I found it very emotional to meet my goal. When I set my goal weight, I really had no thought of ever reaching it. On the one hand, I thought I probably would. I am the type of person who finishes the things I put my mind to. On the other hand, I knew it was very far away and would take a long road to reach. I knew it would not be easy. And it wasn’t.
But I made it at long last. More has changed about me than I originally planned. I knew basically what I needed to do. I knew I needed to eat conscientiously and I needed to exercise. But I didn’t know about the other changes that would occur. Somewhere along the way, I found hope and optimism. I had been a cynical person and a pessimist for so long. I had been lazy and apathetic. I overslept as often as possible and I overate by habit. I had been avoiding the feelings associated with a painful family situation. But through taking care of my body, I also started to heal my mind.
Then I started to see many flaws in my former way of thinking. I saw the blame and guilt I was heaping upon myself manifesting itself as weight and as the weight came off, I set the guilt free.
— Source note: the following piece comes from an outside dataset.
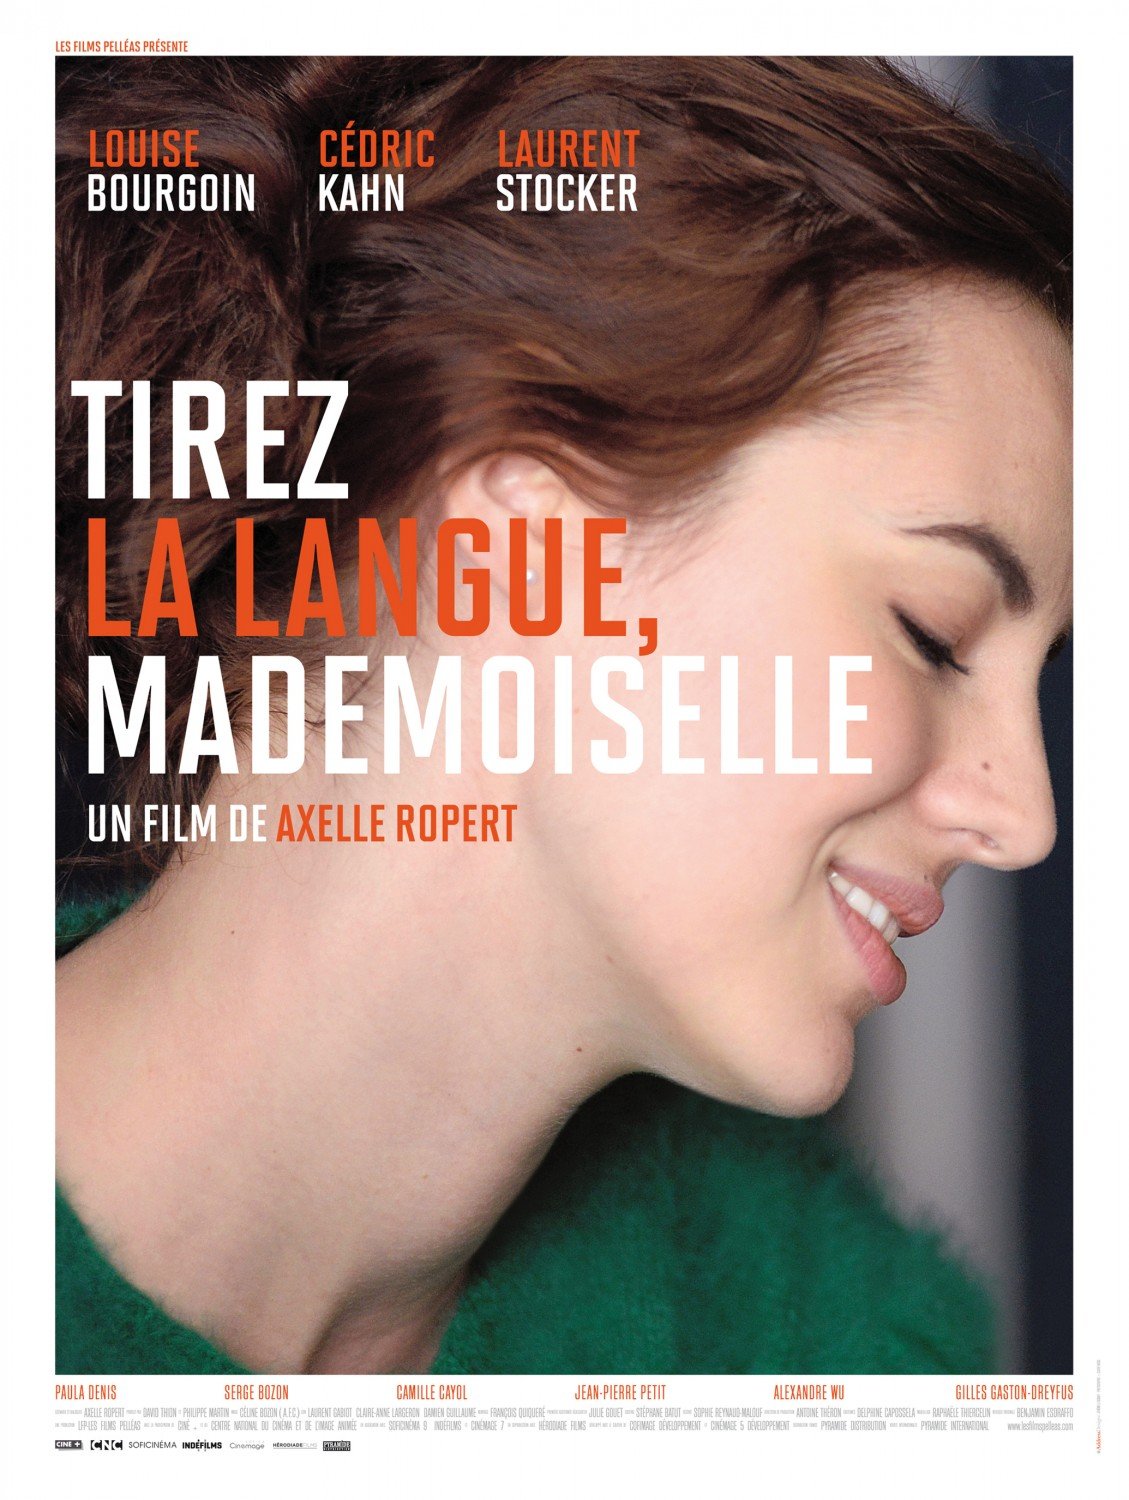 Poster of the movie Tirez la langue, mademoiselle

I started to see that burying my feelings in food and sleep simply did not work.
I saw that when I was stressed or frustrated, I ate. It made me feel worse. In a way, I now see my overeating as a form of self-punishment. I was punishing myself for not being good enough to fix everything. Nobody should ever ask so much of herself or carry the weight of the world on her shoulders.
I am still the same person I have always been, but I am unapologetically me. I don’t need to be a perfect person to be proud of myself. Nobody is perfect.
I didn’t deserve punishment for things that were beyond my control. Not from others, and especially not from myself.
These changes did not happen because I became thinner. It isn’t about being “thin” or “fat”. It’s about being healthy or unhealthy in body and mind. These changes happened long before I got to my goal. I didn’t do this because I thought I wasn’t good enough and I didn’t do it to please anyone or fit into a mold of beauty. I did it for me, because I deserve to be taken care of. I know I will only live once and I want to live as long and healthy and engaged in life as I possibly can.
I feel light and free these days. I’m finally putting myself first and it makes me better at my job, a better friend, and a better partner.
I look in the mirror and I am just soaking it in right now. I have come so far and changed so much. My body isn’t perfect but it is healthy. I will continue this lifestyle for life. I will eat food conscientiously, make time for regular physical activity, and most importantly, I will take care of myself out of love and respect for myself.
I know many people are struggling with weight. All I can say is, never give up. When you are ready to change your life and your body, you can. Some may look at someone like me and think that losing 100 pounds is a massive feat. But there are others who have conquered even larger hurdles. No matter how much you have to lose, someone out there has more or has lost the same amount. And no matter how much you have to lose, you have much more to gain. Do not be afraid. One step at a time, one day at a time. You will reach your goals too, as long as you never give up.